Sending query to Pipeline 1 (Business Search)...
Query: Mexican food in texas

Request payload:
{
  "query": "Mexican food in texas"
}


In [29]:
# Execute the search
# Form a query for business_search/run
query = {
  "query": "Mexican food in texas"
}


response1 = requests.post(
    f"{BASE_URL}/business_search/run",
    json=query
)

if response1.status_code == 200:
    pipeline1_output = response1.json()
    print("✅ Pipeline 1 succeeded!\n")
    
    # Extract key information
    results = pipeline1_output['result']
    businesses = results.get('businesses', [])
    
    print(f"Query: {results.get('query', 'N/A')}")
    print(f"Extracted Location: {results.get('extracted_location', 'None')}")
    print(f"Extracted Keywords: {results.get('extracted_keywords', [])}")
    print(f"Search Parameters: {results.get('search_params', {})}")
    print(f"\nFound {results.get('result_count', 0)} total results")
    print(f"Returned {len(businesses)} businesses on this page\n")
    
    # Show first 3 businesses
    for i, business in enumerate(businesses[:3], 1):
        print(f"{i}. {business['name']}")
        print(f"   ID: {business['business_id']}")
        print(f"   Alias: {business['alias']}")
        print(f"   Rating: {business['rating']} ({business['review_count']} reviews)")
        print(f"   Price: {business.get('price_range', 'N/A')}")
        print(f"   Categories: {', '.join(business['categories'])}")
        print(f"   Website: {business.get('website', 'N/A')}")
        print(f"   Location: ({business['location']['lat']}, {business['location']['lon']})")
        print()
else:
    print(f"❌ Pipeline 1 failed with status {response1.status_code}")
    print(response1.text)

✅ Pipeline 1 succeeded!

Query: Mexican food in texas
Extracted Location: 
Extracted Keywords: ['food', 'Mexican', 'texas']
Search Parameters: {'location': 'United States', 'query': 'food Mexican texas', 'original_query': 'Mexican food in texas'}

Found 0 total results
Returned 0 businesses on this page



## Example 2: Different Query Styles

In [6]:
# Try different query styles - the NER component will extract entities
test_queries = [
    "best Mexican restaurants in Austin, Texas",
    "sushi places near Seattle",
    "pizza in Chicago",
    "coffee shops in Portland, Oregon"
]

print("Testing different query formats:\n")
for query_text in test_queries:
    response = requests.post(
        f"{BASE_URL}/business_search/run",
        json= {"query": query_text}
    )
    
    if response.status_code == 200:
        data = response.json()
        result = data['result']
        count = result.get('result_count', 0)
        location = result.get('extracted_location', 'N/A')
        keywords = result.get('extracted_keywords', [])
        print(f"✅ '{query_text}'")
        print(f"   Found: {count} results")
        print(f"   Location: {location}, Keywords: {keywords}\n")
    else:
        print(f"❌ '{query_text}' failed\n")

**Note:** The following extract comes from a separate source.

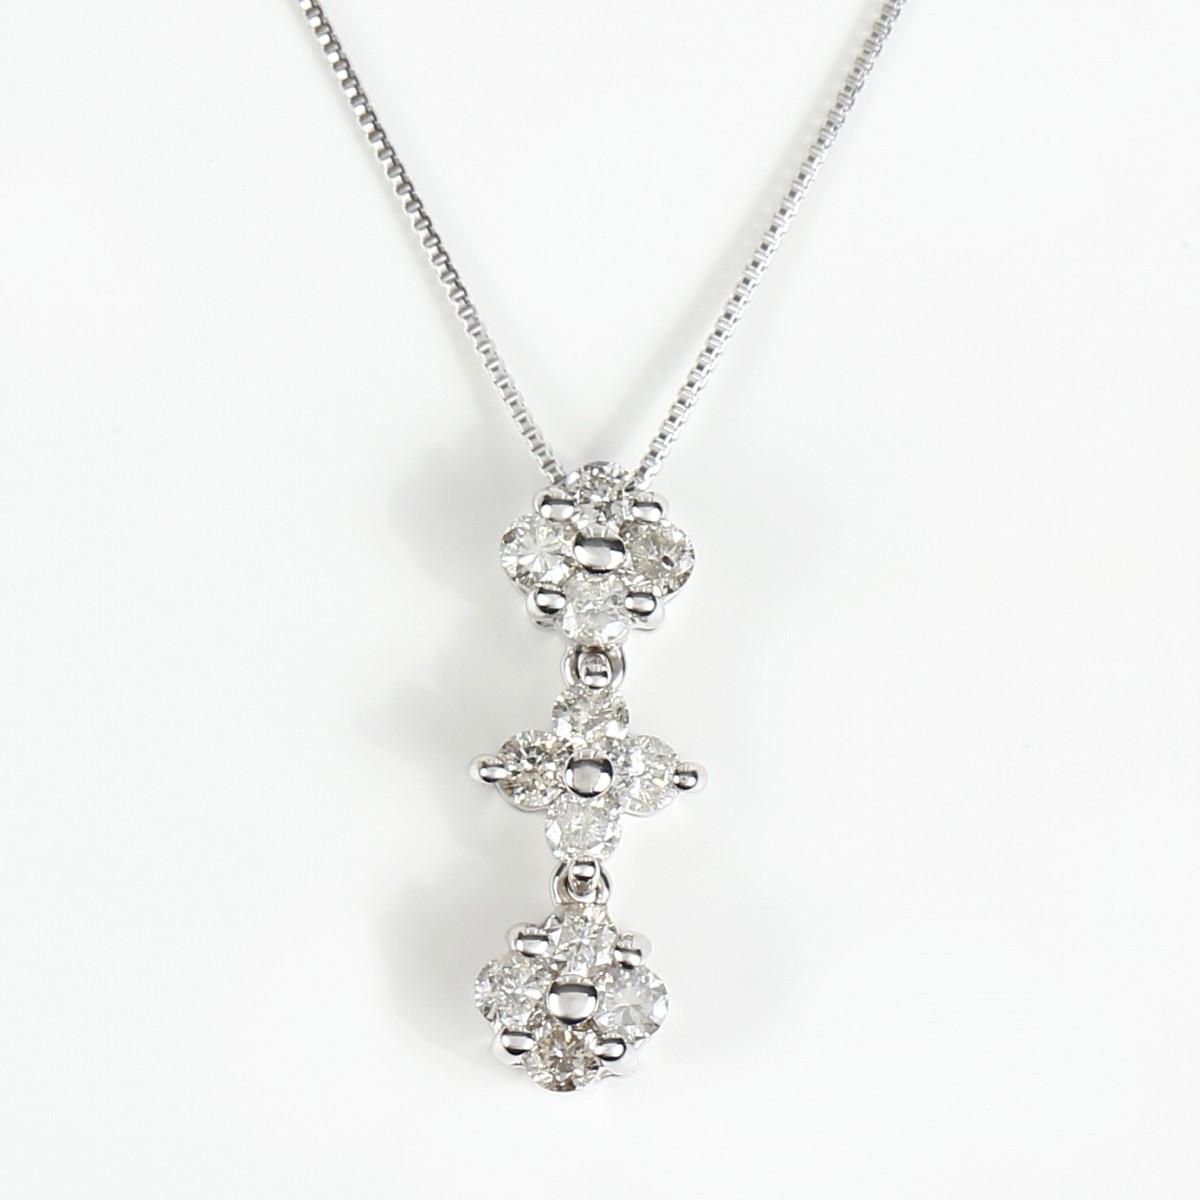 K18WG ダイヤモンドネックレス ダイヤ 0.35ct (K18WG 0.5mm 40cm ベネチアンチェーン)トップの通し方でハートにもなります。2Way【雑誌 GINGER掲載商品】

Testing different query formats:

✅ 'best Mexican restaurants in Austin, Texas'
   Found: 240 results
   Location: Austin, Keywords: ['restaurants', 'Mexican', 'Texas', 'Austin,']

✅ 'sushi places near Seattle'
   Found: 240 results
   Location: Seattle, Keywords: ['sushi', 'places', 'near', 'Seattle']

✅ 'pizza in Chicago'
   Found: 240 results
   Location: Chicago, Keywords: ['Chicago', 'pizza']

✅ 'coffee shops in Portland, Oregon'
   Found: 53 results
   Location: Portland, Keywords: ['Portland,', 'coffee', 'Oregon', 'shops']



---

# Understanding Pipeline 1 Output Structure

Pipeline 1 returns a nested structure that will be passed to downstream pipelines.

In [7]:
# Inspect the complete output structure
print("Complete Pipeline 1 Output Structure:\n")
print("Top-level keys:", list(pipeline1_output.keys()))
print("\nresult keys:", list(pipeline1_output['result'].keys()))
print("\nSample business keys:", list(businesses[0].keys()) if businesses else "No businesses")

print("\n" + "="*60)
print("IMPORTANT: This entire structure will be passed to Pipelines 2 & 3")
print("="*60)

Complete Pipeline 1 Output Structure:

Top-level keys: ['result']

result keys: ['query', 'extracted_location', 'extracted_keywords', 'search_params', 'result_count', 'businesses']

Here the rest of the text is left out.